The Asahi Linux folks are building their own SecureBoot chain[1].

I guess you could argue they shouldn't have to do that. But it feels reasonable to me that that the party you're trusting should be the one who builds the trust chain.

1: https://asahilinux.org/docs/platform/open-os-interop/#m1n1

I don’t disagree with your post but I’m still unclear on how you envision gatekeeper should work.

You want the ability to choose a different “authorities” that verify and sign binaries? That makes sense to me but is unlikely to relieve any of the issues in the post.

Also what do you mean by “even yourself?” What would that option look like?

  • You could like, just trust a single binary. Have a button right there in the popup that already shows up.

    • Maybe “Gatekeeper Light” hidden under advanced settings would satisfy everyday users + the technical crowd

      For plenty of users, a button right there in the popup is almost the same as no Gatekeeper for most scenarios, but if we can handle it why not let us

I want the ability to run any linux distro on my macbook, like I can with any other computer that is not a macbook.

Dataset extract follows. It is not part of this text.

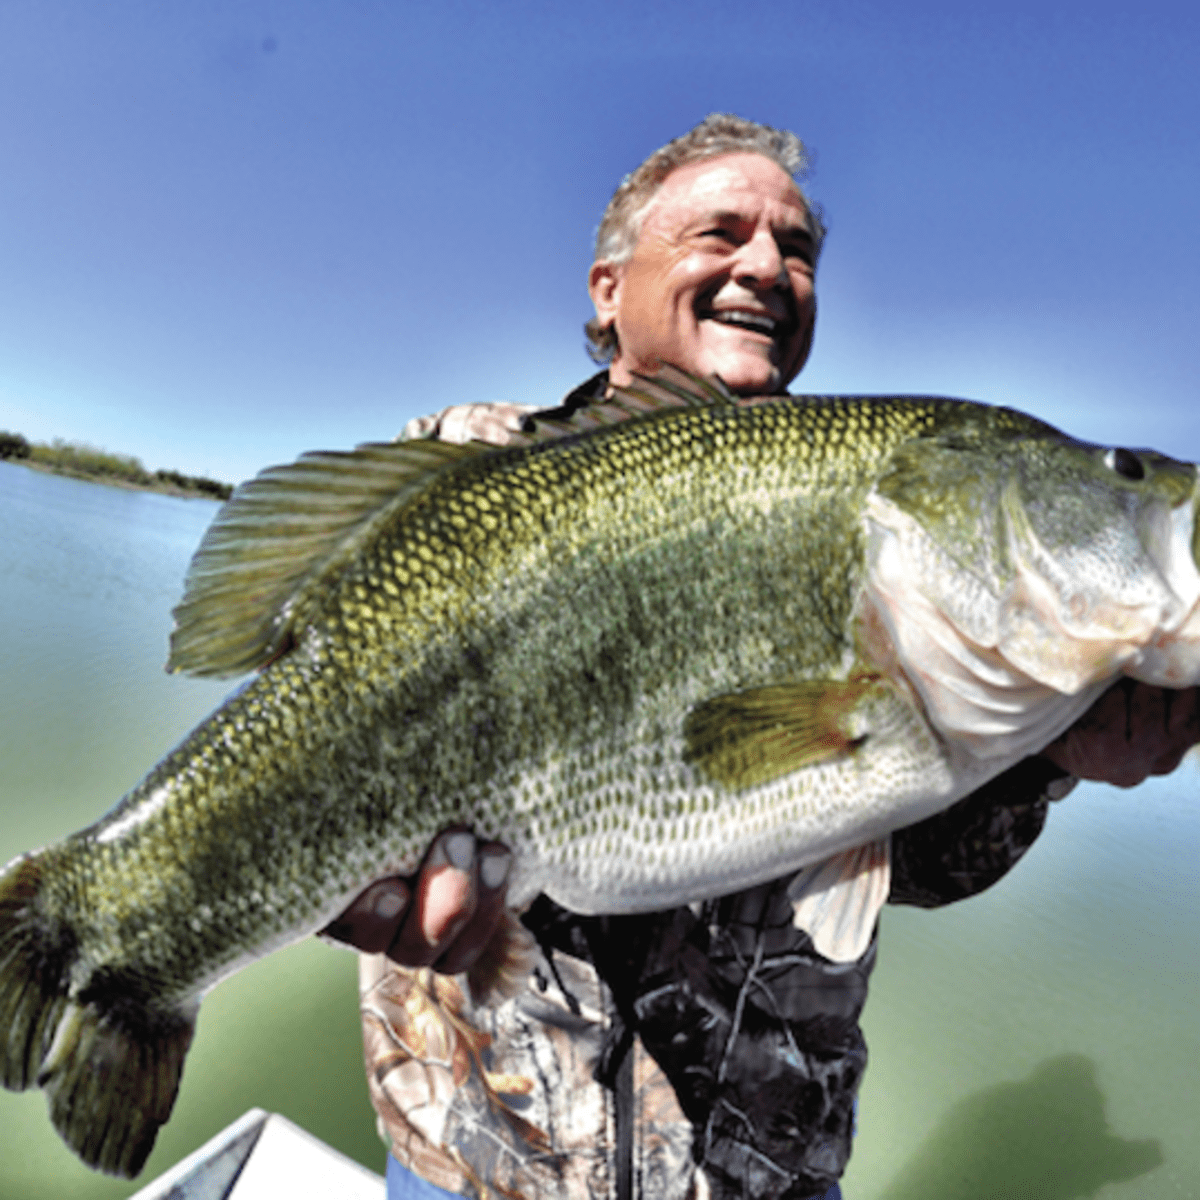 Big Largemouth Bass Shatters Angler's Fishing Rod, But He Still Lands It

  • Macs have enough open firmware to allow you to run any OS that you want. Linux Asahi only supports a certain subset of modern Mac HW, if you want to speed up development you should probably contribute to that project.

  • The Asahi team does upstream their work, so eventually this will be possible with the M1 Macs. But it's an uphill battle because it's a reverse engineering effort on undocumented hardware that has a different separation of duties between firmware, hardware, and operating system than other systems that Linux already supports. It's a wonderful project, but if you want timely Linux support, you have to buy from a vendor whose chipset makers more proactively cooperate with Linux kernel developers.

    It would be wonderful if Apple shipped the Asahi team a bunch of docs hardware, and commissioned them to complete+productionize support for every single Apple Silicon Mac released up until now plus the upcoming gen. If they did that, maybe in one year support would be great and in two or three years, you coule use any distro you liked and get full support.

    But that's not really who Apple is or how they position themselves in the market afaict. This wish is sadly barking up the wrong tree.

  • Easy, don't buy Apple, I don't.

    Apple computers that I use are project assignments.